Analytical Quality Control for Selenium Speciation Analysis
We checked total selenium determination by analysis of a urine control material from Recipe, Munich, Germany (CSF control material was not available, but urine—like CSF—shows high salt but low protein concentration). We determined 22.1 ± 2.8 µg/L (target value 23 µg/L). Regularly, defined amounts of single selenium species standards were injected to the SAX-ICP-DRC-MS system, and peak selenium concentrations were quantified and related to the injected selenium amounts (= 100%) for recovery calculation. CSF samples were treated analogously. Recoveries for selenium standards ranged from 89 to 102%, whereas for CSF samples 97 ± 6% were found. Further, mass balances between the sum of quantified selenium species and total selenium determination were calculated, ranging between 91 and 103% for the entire CSF samples.
Data Analysis
We computed descriptive statistics (median, 25th–75th percentiles, i.e., interquartile range) for all variables. We also estimated through linear regression analysis the relation between changes of selenium compounds and changes of ALS Functional Rating Scale (FRS), ALS Functional Rating Scale-Revised (Delta FS), and Forced Vital Capacity (FVC) overt time following tofersen treatment.
Results
Table 1 summarizes the characteristics of the ten ALS patients carrying SOD1 gene mutations in the study population, clinical features, and CSF concentrations of selenium species and overall selenium. The study participants included five males and five females, with spinal onset, classic or flail phenotypes, a median age of 58.6 years at baseline, and a median disease duration from first symptoms to diagnosis of 50 months. Among the various chemical forms of the element, organic Se-SELENOP was the compound with the highest concentration, followed by another organic form, co-eluting with Se-Cys2, and by inorganic tetravalent selenium, selenite. Baseline selenium compound concentrations according to exon location of the SOD1 mutation and family history of the disease are listed in Supplemental Table S2, with little indication of major differences in selenium species according to these genetic factors.

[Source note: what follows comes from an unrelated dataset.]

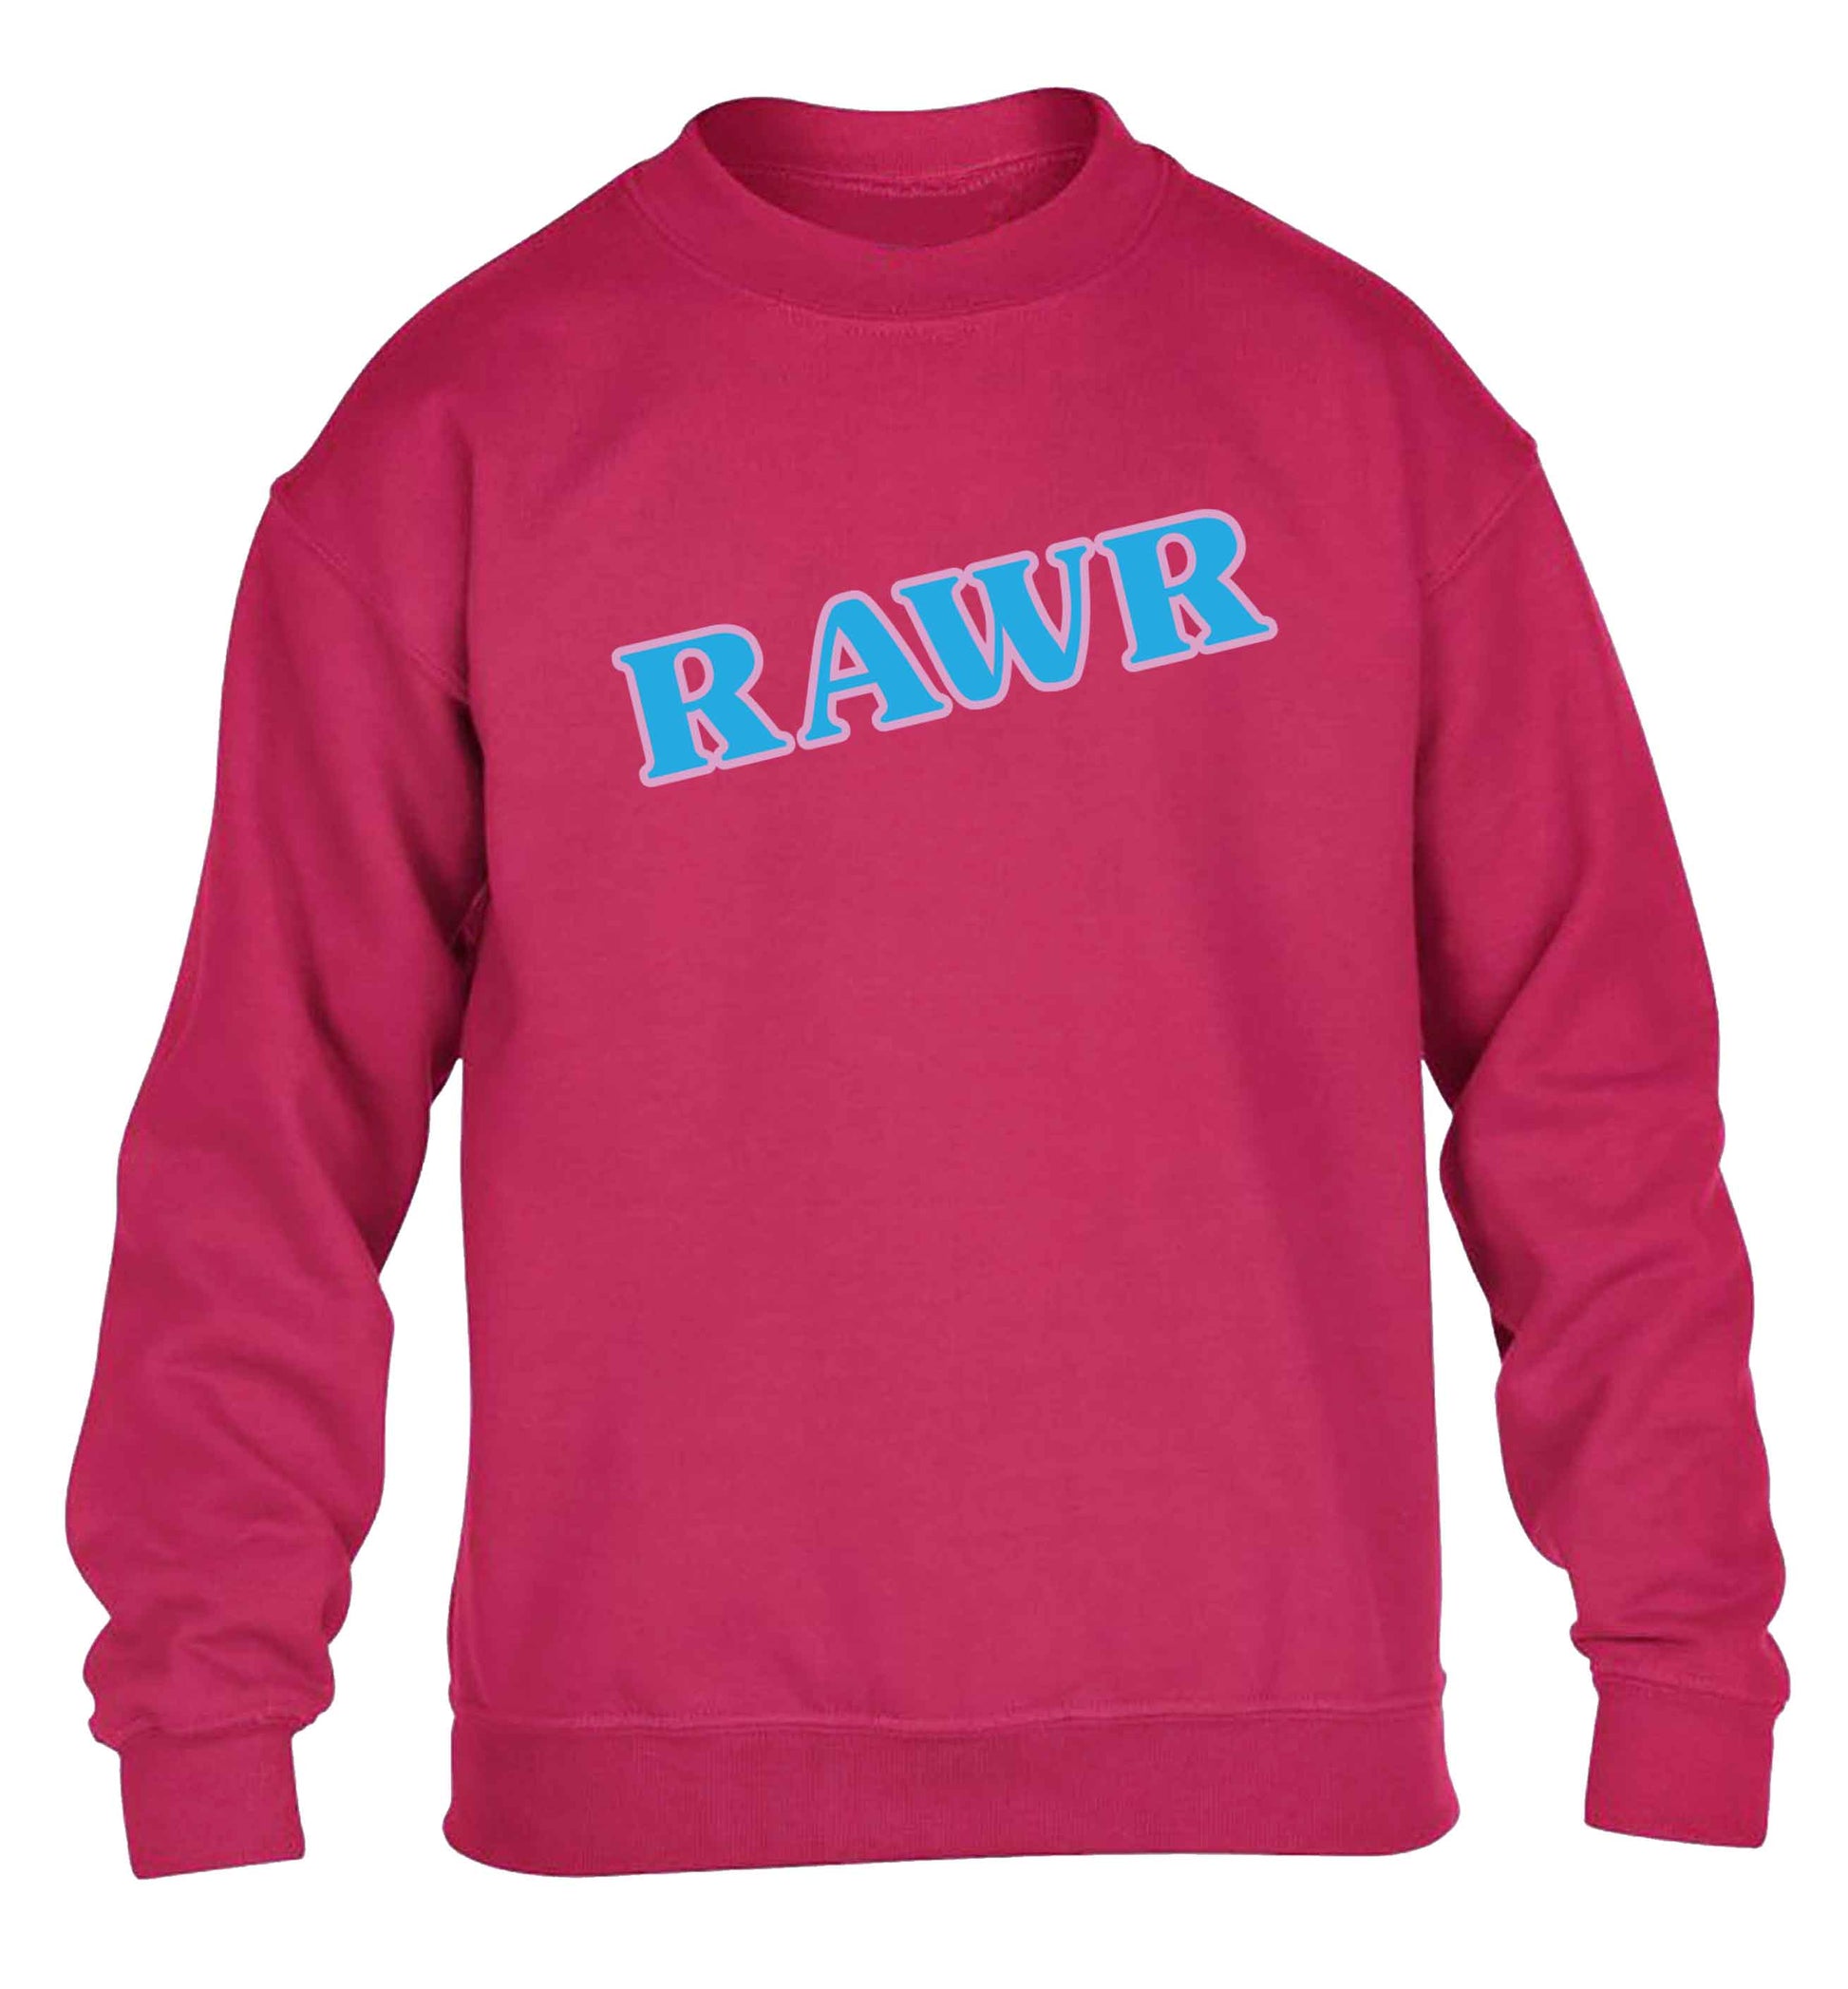 Rawr children's pink sweater 12-13 Years

Following tofersen treatment, there was a notable increase in CSF concentrations of various selenium chemical forms, encompassing overall selenium, the sum of organic, and the sum of inorganic chemical entities (Figs. 1 and 2). This increase was observed across almost all selenium species, except for the organic compound Se-GPX, whose concentrations remained substantially unchanged. The most substantial changes were observed for Se-TXNRD and Se-HSA, both exhibiting median concentrations approximately four times higher after the 6-month treatment period compared with baseline. A post-treatment increase in selenium species concentrations also clearly emerged for the Se-compound appearing at a retention time of Se-Cys2 and hexavalent inorganic selenium, selenate, whose median values were approximately twice as high compared with baseline concentrations. Conversely, the most abundant selenium species, Se-SELENOP, and another organic selenium form, Se-GPX, were those showing the lowest increases over time, slightly less, and more than 30%, respectively. Median CSF neurofilament concentration decreased by nearly 20% after tofersen administration, from 4013 to 3281 pg/mL, while corresponding mean concentrations decreased from 4947 to 3677 pg/mL (− 26%).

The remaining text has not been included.